Where are we? When I teach this Ingold chapter in a traditional setting, it is from a classroom, with a number: Clark 329. I imagine prospective students, looking at maps, wandering around campus. Ingold’s chapter is about how we find out where we are. “For the map-using stranger” knowing where we are is “defined by the intersection of particular coordinates on the map” (219).
In the March 2020 COVID-19 version of the course, “Where are we?” takes on a whole new set of meanings. Some of us are in unfamiliar places and require more maps; others have returned to a familiar place. Additionally, Ingold wrote this chapter long before the GPS and smartphone revolution. In 2020, the question of “Where are we?” is most likely answered by firing up the map function on a phone. Navigation means plugging in two points and letting the app tell us how to get there.
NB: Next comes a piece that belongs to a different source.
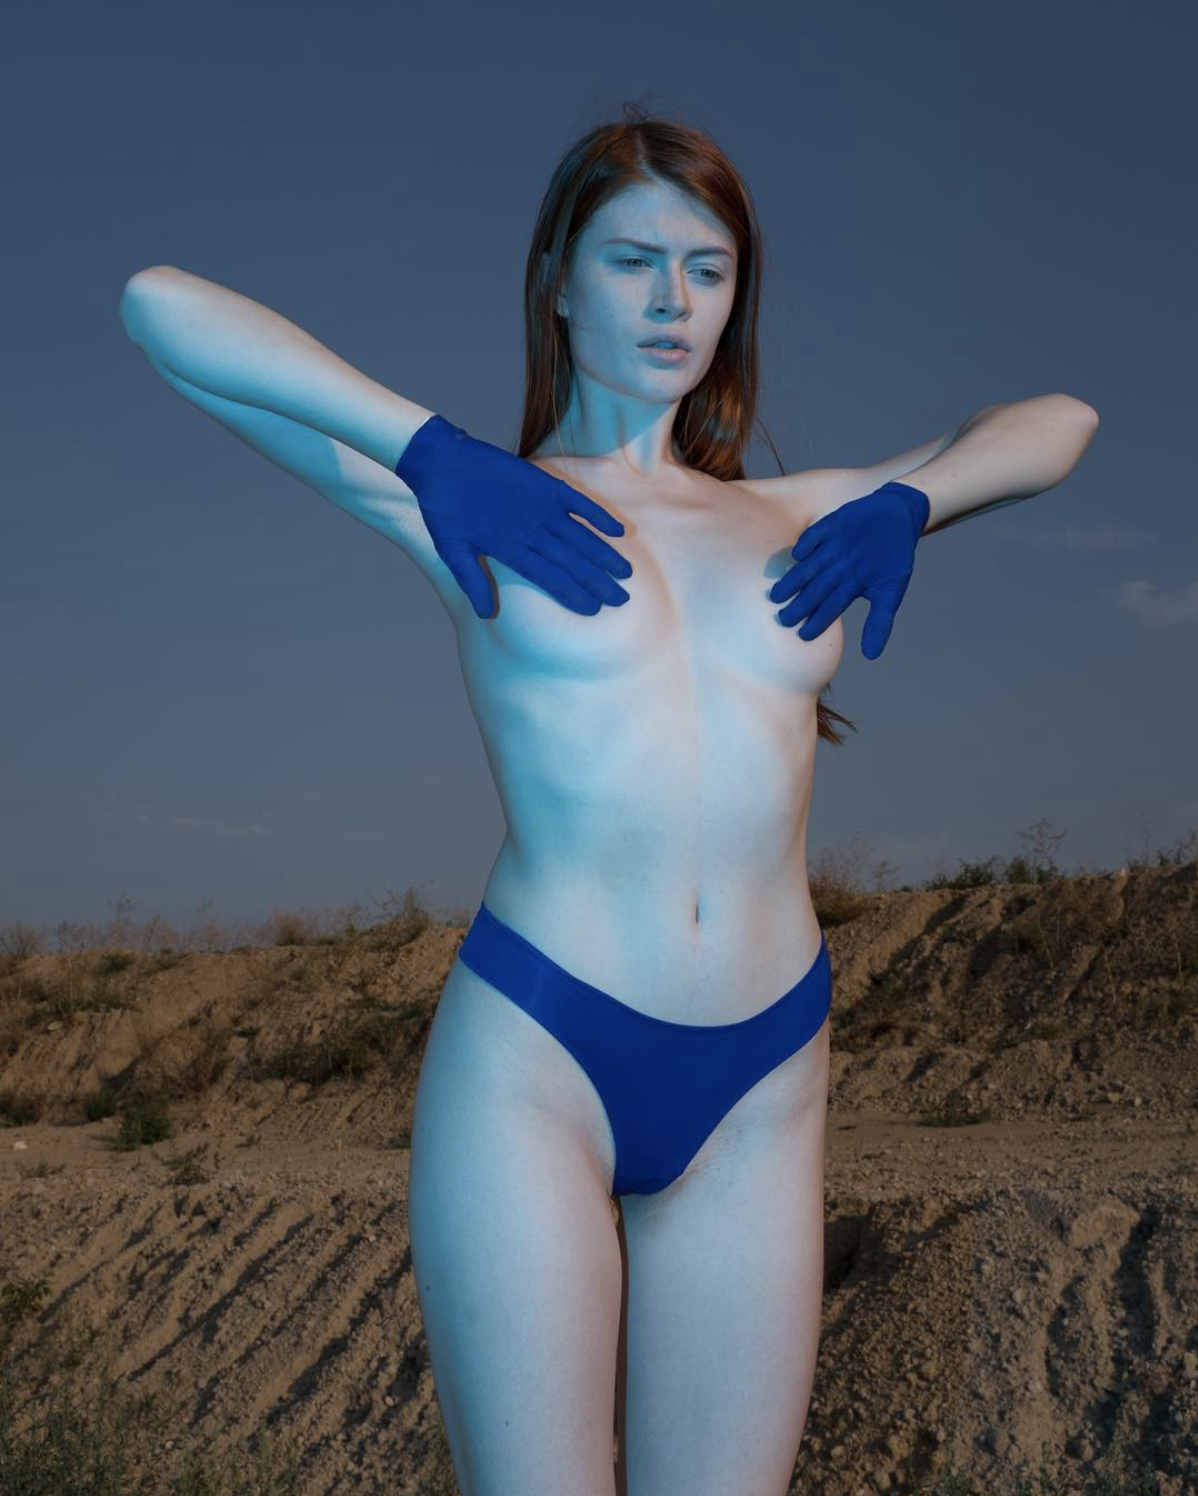 #Uncensored Berlin - With Art by Aja Jane @ BlogFabrikThe exhibition challenging social media censorship

After we have taken a trip a number of times, the route becomes familiar. We don’t need the map app anymore, just like we don’t need a map app for our homes. The question Ingold asks is how this happens. The traditional answer has been that the map gets copied into our heads. We don’t need the map app because we now have it as a mental map or cognitive map: “The difference is just that the native inhabitant’s map is held not in the hand but in the head” (219).
The Mental Map
The idea of a cognitive map is linked to the idea that getting from place to place is simply to mechanically execute a route plotted on a map or app. The “actual movement from place to place is a perfectly straightforward, indeed almost mechanical matter of executing the prescribed course. Getting from A to B, in short, is explained through the harnessing of a simple process, of bodily locomotion, to a complex structure, the mental map” (220). Such ideas are only amplified in 2020, when driving becomes a matter of mechanically following the voiced directions, to the extent that many expect self-driving cars to imminently appear.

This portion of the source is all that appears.